Journal of Physical Chemistry B, Vol.107, No.10, 2344-2353, 2003
Calculation of intermolecular interaction energies by direct numerical integration over electron densities. 2. An improved polarization model and the evaluation of dispersion and repulsion energies
A procedure to adapt electron densities of isolated molecules for the evaluation of intermolecular energies, first introduced in paper 1 (Gavezzotti, A. J. Phys. Chem. B 2002, 106, 4145) is here improved for polarization energy and extended to dispersion and repulsion terms. Dispersion is evaluated from atomic polarizabilities distributed over the electron density, using an average ionization potential taken as the energy of the highest occupied molecular orbital, in a London-type inverse sixth-power formulation. Repulsion is evaluated from the overlap between electron densities. The method, called semiclassical density sums (SCDS), requires only four disposable numerical parameters and allows a complete evaluation of intermolecular interaction energies for a rather wide range of molecular systems. Calculations on molecular dimers, in comparison with results obtained by high-level quantum chemical methods, show that SCDS energies are quite reliable, at a fraction of the computational cost. The sublimation energies of many organic crystals are well reproduced by the corresponding calculated lattice energies, which include significant polarization contributions.
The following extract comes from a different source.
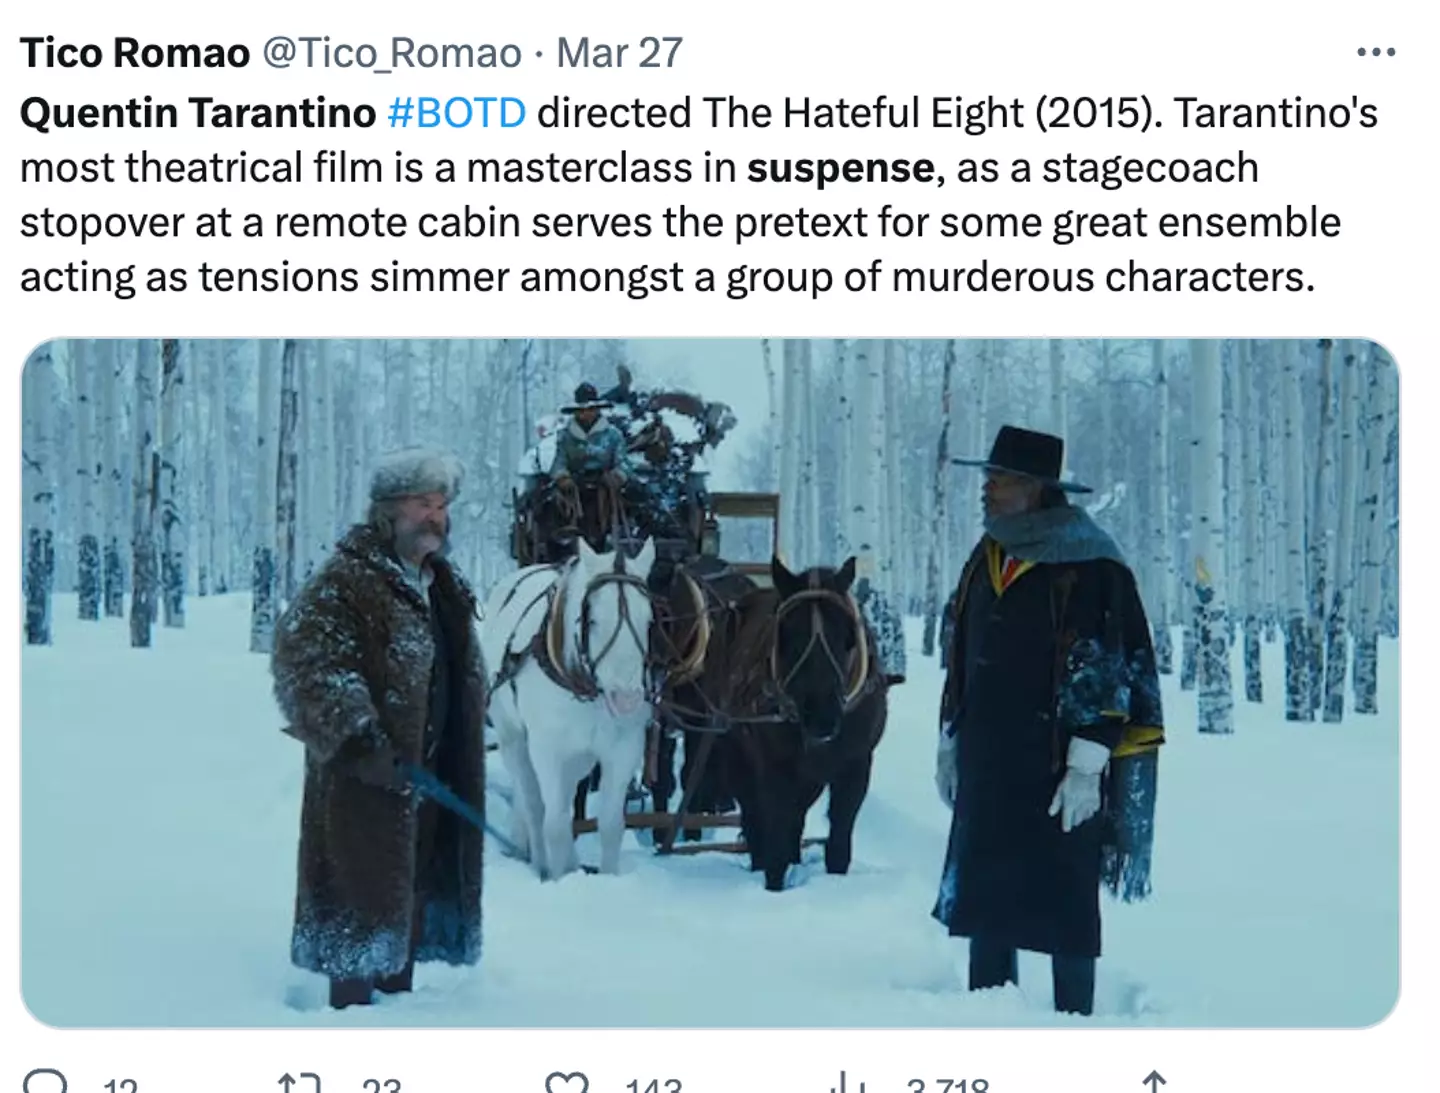 Fans have praised Tarantino's talents at creating suspense.

The method allows a partitioning of intermolecular interactions over molecular pairs in crystals; this in turn allows for the first time a quantitative assessment of the relative importance of Coulombic, repulsion, and dispersion energies in the interaction between atom groups and in crystal packing in general, often contradicting some current views based on intuitive or even semiquantitative electrostatic models that do not include penetration terms.